WHAT YOU HAVE TO DO:
Look through the entries below for the line that contains "Κομψό θηλυκό χρυσό", then set down that line and each one after it exactly, through the last.

DATA FOR ANALYSIS:
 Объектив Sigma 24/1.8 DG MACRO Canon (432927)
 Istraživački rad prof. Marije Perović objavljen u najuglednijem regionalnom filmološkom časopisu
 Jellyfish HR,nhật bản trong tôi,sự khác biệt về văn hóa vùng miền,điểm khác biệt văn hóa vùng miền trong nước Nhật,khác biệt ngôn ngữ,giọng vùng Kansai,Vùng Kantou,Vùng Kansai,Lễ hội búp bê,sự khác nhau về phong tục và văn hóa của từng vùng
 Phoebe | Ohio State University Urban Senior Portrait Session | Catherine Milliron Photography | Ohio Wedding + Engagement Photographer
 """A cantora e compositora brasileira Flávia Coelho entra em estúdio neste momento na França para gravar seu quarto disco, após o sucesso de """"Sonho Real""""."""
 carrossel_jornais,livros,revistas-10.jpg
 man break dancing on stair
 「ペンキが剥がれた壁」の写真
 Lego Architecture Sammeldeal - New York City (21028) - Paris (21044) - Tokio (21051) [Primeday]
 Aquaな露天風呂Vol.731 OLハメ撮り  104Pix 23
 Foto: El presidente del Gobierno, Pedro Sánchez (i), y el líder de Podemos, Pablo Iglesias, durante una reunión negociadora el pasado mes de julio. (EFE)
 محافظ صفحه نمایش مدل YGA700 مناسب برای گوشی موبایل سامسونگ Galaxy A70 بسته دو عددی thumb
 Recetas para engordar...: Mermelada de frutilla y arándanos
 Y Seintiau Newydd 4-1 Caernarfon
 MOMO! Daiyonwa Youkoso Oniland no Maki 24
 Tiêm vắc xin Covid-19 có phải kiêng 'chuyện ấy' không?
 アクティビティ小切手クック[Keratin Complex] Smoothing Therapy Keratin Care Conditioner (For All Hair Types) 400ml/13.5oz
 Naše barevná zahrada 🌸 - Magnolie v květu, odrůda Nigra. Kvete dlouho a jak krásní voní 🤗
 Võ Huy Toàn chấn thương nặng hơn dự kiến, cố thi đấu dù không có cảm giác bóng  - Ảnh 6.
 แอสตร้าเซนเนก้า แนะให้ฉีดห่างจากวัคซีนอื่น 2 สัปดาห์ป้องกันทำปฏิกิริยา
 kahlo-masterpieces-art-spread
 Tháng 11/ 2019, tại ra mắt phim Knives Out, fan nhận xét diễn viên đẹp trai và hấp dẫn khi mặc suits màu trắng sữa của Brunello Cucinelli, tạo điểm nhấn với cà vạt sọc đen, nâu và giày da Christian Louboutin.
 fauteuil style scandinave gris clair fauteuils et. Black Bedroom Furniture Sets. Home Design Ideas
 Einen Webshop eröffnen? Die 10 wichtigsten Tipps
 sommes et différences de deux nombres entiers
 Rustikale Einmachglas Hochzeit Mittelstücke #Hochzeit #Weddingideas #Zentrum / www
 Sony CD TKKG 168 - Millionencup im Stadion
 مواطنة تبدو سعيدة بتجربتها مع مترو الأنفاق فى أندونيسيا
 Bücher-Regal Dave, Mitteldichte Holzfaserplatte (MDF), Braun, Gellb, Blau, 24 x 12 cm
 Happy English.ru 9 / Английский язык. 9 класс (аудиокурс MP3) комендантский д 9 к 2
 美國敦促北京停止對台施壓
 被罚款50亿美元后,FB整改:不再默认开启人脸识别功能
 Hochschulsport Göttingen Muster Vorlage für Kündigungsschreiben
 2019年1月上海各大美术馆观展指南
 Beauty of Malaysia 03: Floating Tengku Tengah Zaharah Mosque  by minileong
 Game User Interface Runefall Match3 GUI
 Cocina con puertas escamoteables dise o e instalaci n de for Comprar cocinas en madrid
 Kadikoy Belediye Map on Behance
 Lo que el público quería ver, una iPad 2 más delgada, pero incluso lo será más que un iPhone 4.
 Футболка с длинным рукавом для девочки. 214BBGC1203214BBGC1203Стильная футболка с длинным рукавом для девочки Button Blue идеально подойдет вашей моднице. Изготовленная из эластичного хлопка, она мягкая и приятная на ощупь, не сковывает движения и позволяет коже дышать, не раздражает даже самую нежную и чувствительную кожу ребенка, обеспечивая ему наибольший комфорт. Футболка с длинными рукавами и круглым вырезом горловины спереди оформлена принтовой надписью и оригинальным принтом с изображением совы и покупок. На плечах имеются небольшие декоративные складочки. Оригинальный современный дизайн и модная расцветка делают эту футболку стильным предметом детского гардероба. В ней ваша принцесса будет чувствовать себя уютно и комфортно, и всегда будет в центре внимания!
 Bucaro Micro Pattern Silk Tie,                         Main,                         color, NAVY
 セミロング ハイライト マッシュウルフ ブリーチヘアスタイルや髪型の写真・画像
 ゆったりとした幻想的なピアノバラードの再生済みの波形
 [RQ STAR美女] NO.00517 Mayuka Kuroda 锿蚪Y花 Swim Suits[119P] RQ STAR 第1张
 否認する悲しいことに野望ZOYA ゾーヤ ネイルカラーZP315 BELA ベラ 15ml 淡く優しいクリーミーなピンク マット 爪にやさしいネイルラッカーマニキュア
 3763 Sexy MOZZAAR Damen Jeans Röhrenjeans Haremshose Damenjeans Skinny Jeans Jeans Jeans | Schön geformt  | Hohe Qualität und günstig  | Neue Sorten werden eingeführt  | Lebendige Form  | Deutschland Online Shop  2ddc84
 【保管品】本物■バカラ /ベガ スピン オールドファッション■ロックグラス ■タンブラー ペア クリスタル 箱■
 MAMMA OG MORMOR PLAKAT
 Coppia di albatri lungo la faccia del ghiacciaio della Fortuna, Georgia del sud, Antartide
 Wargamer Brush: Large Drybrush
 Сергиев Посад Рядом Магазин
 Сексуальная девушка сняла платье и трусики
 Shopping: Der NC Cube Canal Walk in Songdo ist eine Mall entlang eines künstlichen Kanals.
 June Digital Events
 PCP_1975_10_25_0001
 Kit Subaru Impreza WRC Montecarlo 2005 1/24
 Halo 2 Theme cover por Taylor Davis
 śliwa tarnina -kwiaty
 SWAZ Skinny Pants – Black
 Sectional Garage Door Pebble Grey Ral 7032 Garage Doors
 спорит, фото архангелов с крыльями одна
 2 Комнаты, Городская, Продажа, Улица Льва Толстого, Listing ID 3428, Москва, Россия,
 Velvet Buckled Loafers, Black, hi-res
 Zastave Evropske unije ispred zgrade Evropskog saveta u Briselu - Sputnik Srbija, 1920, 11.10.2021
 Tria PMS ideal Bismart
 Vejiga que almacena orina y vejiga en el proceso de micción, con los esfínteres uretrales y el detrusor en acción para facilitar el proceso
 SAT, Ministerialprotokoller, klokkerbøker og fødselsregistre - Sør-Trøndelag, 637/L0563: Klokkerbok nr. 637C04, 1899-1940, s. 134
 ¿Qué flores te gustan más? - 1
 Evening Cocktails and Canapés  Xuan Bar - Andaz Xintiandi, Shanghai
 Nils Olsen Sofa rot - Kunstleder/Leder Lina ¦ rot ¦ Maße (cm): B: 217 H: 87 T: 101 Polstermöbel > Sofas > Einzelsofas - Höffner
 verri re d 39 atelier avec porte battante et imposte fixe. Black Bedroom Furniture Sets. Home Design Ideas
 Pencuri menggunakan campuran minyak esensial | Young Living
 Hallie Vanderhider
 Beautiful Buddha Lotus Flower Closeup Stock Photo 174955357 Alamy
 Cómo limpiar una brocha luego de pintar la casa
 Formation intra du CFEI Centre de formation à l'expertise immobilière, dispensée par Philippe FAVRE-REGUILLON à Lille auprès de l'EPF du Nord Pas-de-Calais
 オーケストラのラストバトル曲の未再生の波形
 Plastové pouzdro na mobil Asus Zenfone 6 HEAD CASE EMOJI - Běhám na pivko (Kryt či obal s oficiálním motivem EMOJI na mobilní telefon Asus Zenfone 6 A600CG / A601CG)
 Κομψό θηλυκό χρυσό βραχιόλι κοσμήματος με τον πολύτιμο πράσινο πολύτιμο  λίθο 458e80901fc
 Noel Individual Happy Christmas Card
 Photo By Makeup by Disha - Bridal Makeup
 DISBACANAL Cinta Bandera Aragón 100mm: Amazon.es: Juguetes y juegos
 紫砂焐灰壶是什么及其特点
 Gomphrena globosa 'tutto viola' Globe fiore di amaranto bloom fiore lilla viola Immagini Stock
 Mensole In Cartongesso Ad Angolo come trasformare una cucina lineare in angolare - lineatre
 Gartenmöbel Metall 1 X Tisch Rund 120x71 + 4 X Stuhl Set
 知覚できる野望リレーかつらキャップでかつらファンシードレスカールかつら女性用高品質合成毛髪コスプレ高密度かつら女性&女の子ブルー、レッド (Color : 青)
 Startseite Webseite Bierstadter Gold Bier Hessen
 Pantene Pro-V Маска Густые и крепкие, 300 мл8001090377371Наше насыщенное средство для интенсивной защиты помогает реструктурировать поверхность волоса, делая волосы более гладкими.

ANSWER TO THE EXERCISE:
 Κομψό θηλυκό χρυσό βραχιόλι κοσμήματος με τον πολύτιμο πράσινο πολύτιμο  λίθο 458e80901fc
 Noel Individual Happy Christmas Card
 Photo By Makeup by Disha - Bridal Makeup
 DISBACANAL Cinta Bandera Aragón 100mm: Amazon.es: Juguetes y juegos
 紫砂焐灰壶是什么及其特点
 Gomphrena globosa 'tutto viola' Globe fiore di amaranto bloom fiore lilla viola Immagini Stock
 Mensole In Cartongesso Ad Angolo come trasformare una cucina lineare in angolare - lineatre
 Gartenmöbel Metall 1 X Tisch Rund 120x71 + 4 X Stuhl Set
 知覚できる野望リレーかつらキャップでかつらファンシードレスカールかつら女性用高品質合成毛髪コスプレ高密度かつら女性&女の子ブルー、レッド (Color : 青)
 Startseite Webseite Bierstadter Gold Bier Hessen
 Pantene Pro-V Маска Густые и крепкие, 300 мл8001090377371Наше насыщенное средство для интенсивной защиты помогает реструктурировать поверхность волоса, делая волосы более гладкими.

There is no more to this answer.